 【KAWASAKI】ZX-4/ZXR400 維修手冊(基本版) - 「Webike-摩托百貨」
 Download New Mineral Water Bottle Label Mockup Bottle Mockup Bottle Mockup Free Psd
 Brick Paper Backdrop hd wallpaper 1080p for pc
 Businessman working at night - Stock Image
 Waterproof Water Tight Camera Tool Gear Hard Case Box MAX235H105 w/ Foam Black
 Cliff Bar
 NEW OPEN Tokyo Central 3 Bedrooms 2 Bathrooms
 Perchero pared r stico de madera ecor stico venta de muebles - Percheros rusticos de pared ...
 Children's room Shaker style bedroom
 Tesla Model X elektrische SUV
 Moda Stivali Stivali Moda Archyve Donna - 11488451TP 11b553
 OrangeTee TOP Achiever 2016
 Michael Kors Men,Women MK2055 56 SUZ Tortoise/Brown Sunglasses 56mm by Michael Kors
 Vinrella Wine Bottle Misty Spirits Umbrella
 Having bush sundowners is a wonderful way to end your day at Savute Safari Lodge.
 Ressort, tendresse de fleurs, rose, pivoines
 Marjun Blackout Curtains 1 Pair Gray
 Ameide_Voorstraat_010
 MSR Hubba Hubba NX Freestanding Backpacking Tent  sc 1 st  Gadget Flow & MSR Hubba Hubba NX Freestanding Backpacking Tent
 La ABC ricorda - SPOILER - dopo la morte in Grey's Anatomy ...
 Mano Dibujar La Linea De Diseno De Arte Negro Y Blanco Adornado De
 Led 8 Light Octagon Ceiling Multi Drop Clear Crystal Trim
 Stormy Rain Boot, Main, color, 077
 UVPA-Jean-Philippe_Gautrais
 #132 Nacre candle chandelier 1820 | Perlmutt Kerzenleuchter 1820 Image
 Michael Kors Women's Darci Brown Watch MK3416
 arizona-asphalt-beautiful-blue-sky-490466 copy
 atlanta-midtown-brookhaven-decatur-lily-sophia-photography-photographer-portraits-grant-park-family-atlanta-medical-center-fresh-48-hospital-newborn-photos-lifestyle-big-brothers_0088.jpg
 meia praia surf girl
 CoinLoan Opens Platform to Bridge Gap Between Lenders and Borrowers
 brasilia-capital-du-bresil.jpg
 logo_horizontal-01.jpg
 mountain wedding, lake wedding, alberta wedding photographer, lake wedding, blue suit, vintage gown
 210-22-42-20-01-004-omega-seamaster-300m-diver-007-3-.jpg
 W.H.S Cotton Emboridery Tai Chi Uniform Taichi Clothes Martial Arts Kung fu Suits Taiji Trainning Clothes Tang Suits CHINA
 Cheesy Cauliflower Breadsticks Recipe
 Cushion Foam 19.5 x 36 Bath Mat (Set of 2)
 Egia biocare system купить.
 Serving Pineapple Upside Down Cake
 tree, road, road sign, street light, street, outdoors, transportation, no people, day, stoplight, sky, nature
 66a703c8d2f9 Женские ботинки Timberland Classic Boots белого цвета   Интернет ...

[Work instructions] Repeat, character for character, the lines from the one that holds "Ameide_Voorstraat_010" to the final line of the material, inclusive, and no other lines.

[Written solution]
 Ameide_Voorstraat_010
 MSR Hubba Hubba NX Freestanding Backpacking Tent  sc 1 st  Gadget Flow & MSR Hubba Hubba NX Freestanding Backpacking Tent
 La ABC ricorda - SPOILER - dopo la morte in Grey's Anatomy ...
 Mano Dibujar La Linea De Diseno De Arte Negro Y Blanco Adornado De
 Led 8 Light Octagon Ceiling Multi Drop Clear Crystal Trim
 Stormy Rain Boot, Main, color, 077
 UVPA-Jean-Philippe_Gautrais
 #132 Nacre candle chandelier 1820 | Perlmutt Kerzenleuchter 1820 Image
 Michael Kors Women's Darci Brown Watch MK3416
 arizona-asphalt-beautiful-blue-sky-490466 copy
 atlanta-midtown-brookhaven-decatur-lily-sophia-photography-photographer-portraits-grant-park-family-atlanta-medical-center-fresh-48-hospital-newborn-photos-lifestyle-big-brothers_0088.jpg
 meia praia surf girl
 CoinLoan Opens Platform to Bridge Gap Between Lenders and Borrowers
 brasilia-capital-du-bresil.jpg
 logo_horizontal-01.jpg
 mountain wedding, lake wedding, alberta wedding photographer, lake wedding, blue suit, vintage gown
 210-22-42-20-01-004-omega-seamaster-300m-diver-007-3-.jpg
 W.H.S Cotton Emboridery Tai Chi Uniform Taichi Clothes Martial Arts Kung fu Suits Taiji Trainning Clothes Tang Suits CHINA
 Cheesy Cauliflower Breadsticks Recipe
 Cushion Foam 19.5 x 36 Bath Mat (Set of 2)
 Egia biocare system купить.
 Serving Pineapple Upside Down Cake
 tree, road, road sign, street light, street, outdoors, transportation, no people, day, stoplight, sky, nature
 66a703c8d2f9 Женские ботинки Timberland Classic Boots белого цвета   Интернет ...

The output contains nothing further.